A Madrid SMB owner reading the news cycle

The owner sees a finance-press headline about "the EU AI Act crackdown coming in August" and asks whether their tools are at risk. The honest answer is: the tools they use for OCR are not Annex III, so no, not directly. But the same question is also an invitation to ask the vendor for the transparency-receipt — because the right thing to want from your tax tool is the same thing the AI Act will increasingly require.

What TaxItEasy is doing

The transparency-receipt for the AI components in our pipeline lives in three places:

  • The Help center documents exactly what the AI reads and extracts, how the confidence scoring works, and what to do when the OCR extracted the wrong fields. Human oversight is in the product by design: every extraction is a suggestion the user can correct.
  • The sub-processor list (our-sub-processors) names every AI provider in our pipeline, where they run, and what the contractual data-retention regime is. As of the date of this article, our LLM provider's contractual default for retention is up to 30 days for safety monitoring; the zero-retention addendum we want is in negotiation.
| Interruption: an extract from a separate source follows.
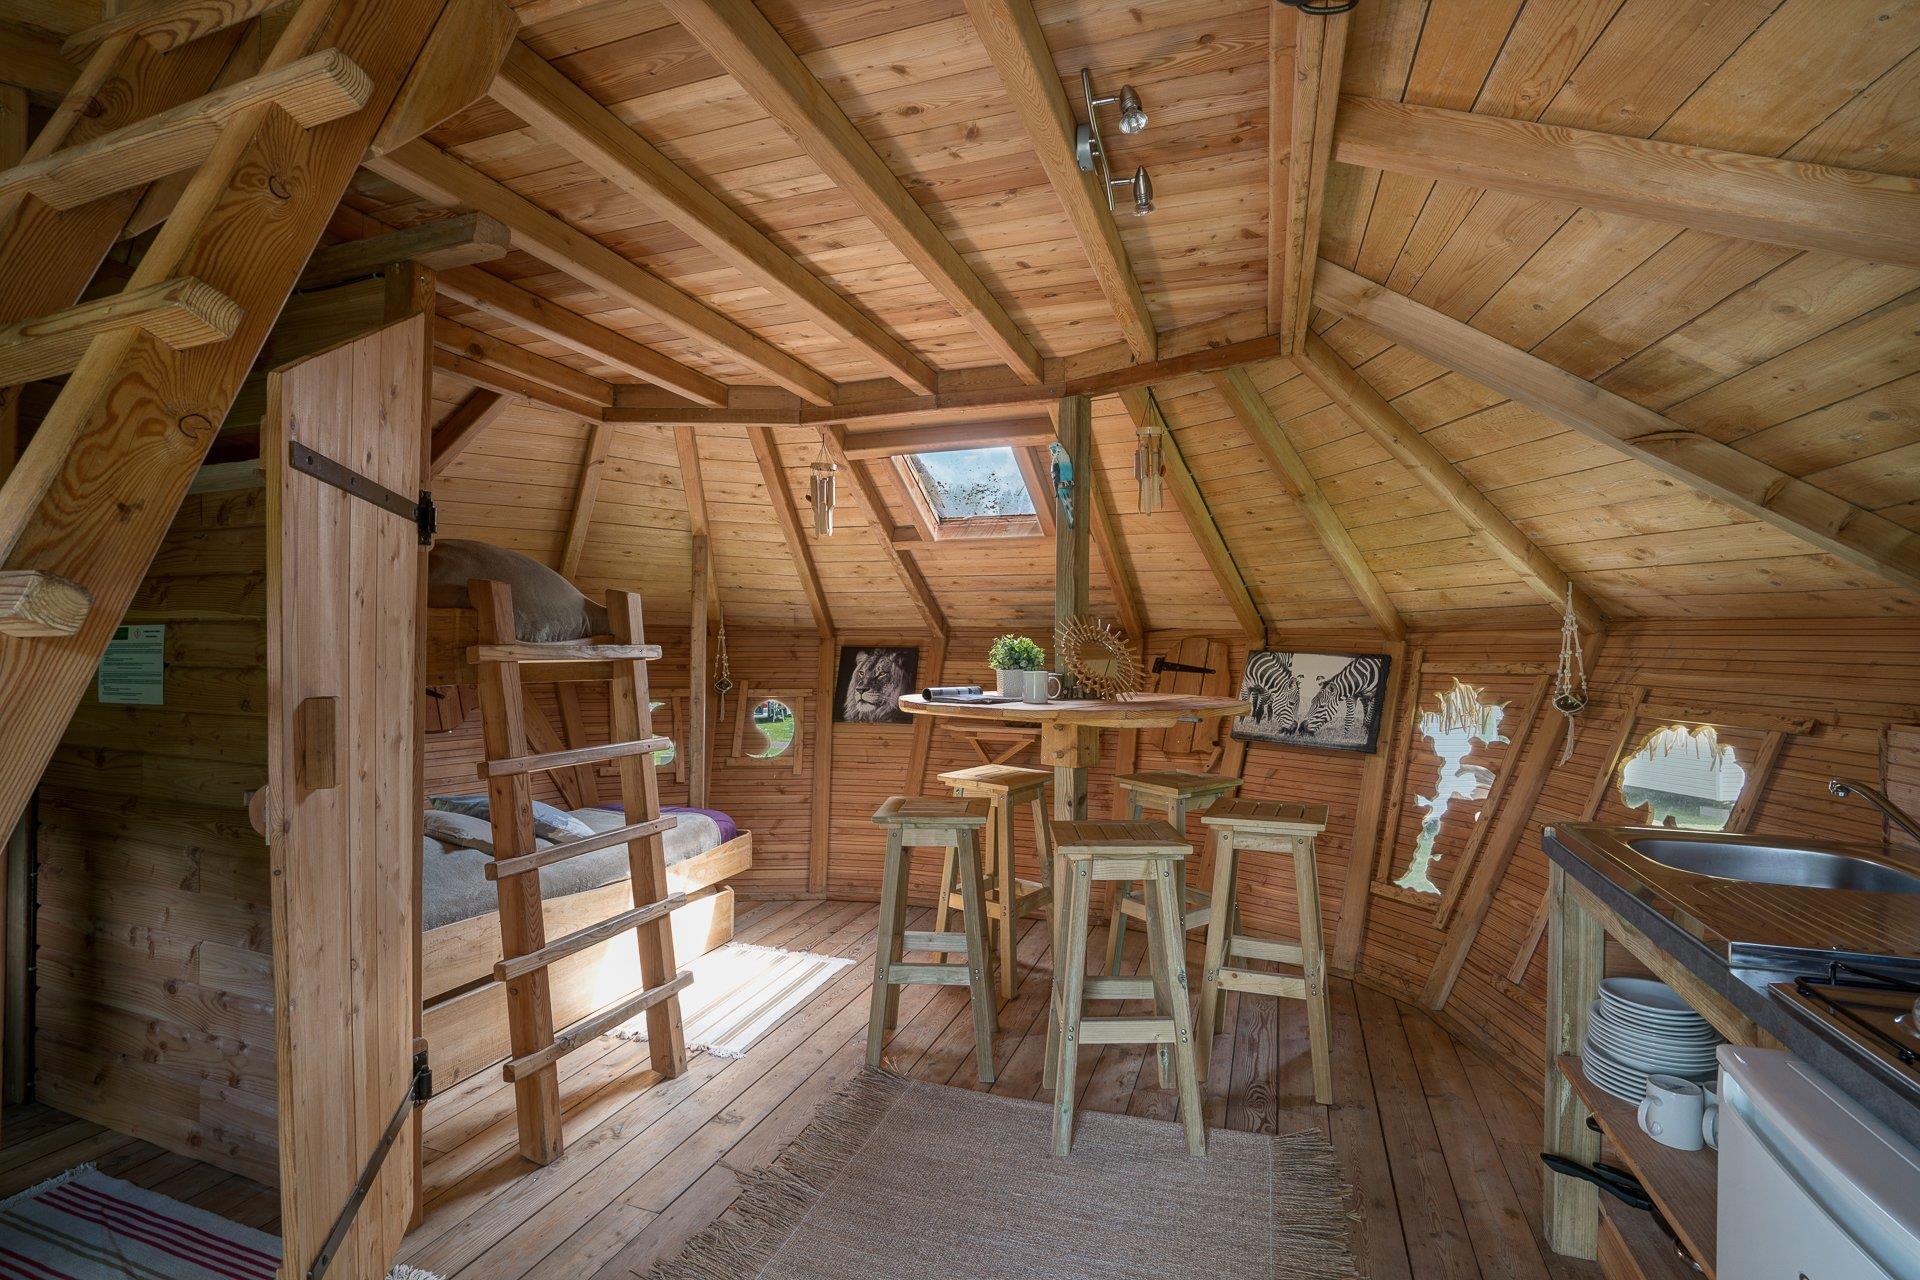 Location - Cabane Savana 2 Chambres - Camping Sandaya Paris Maisons-Laffitte

We have committed to updating the sub-processor page when that addendum is signed.
  • The data-residency page (where is my data stored) documents that the platform itself runs in DigitalOcean's Frankfurt region (FRA1), with managed PostgreSQL and DigitalOcean Spaces (S3-compatible object storage) all EU-resident. The AI processing step is a separate consideration — that data leaves the platform to the LLM provider — and is disclosed in the sub-processor list, not buried.

We are not making AI Act compliance claims that we cannot back up. The internal honest position: as a SaaS provider whose AI features are not on Annex III, the August 2026 obligations that fall directly on us are mostly the transparency, documentation and human-oversight ones, and those are obligations we treated as design requirements before the AI Act forced the matter.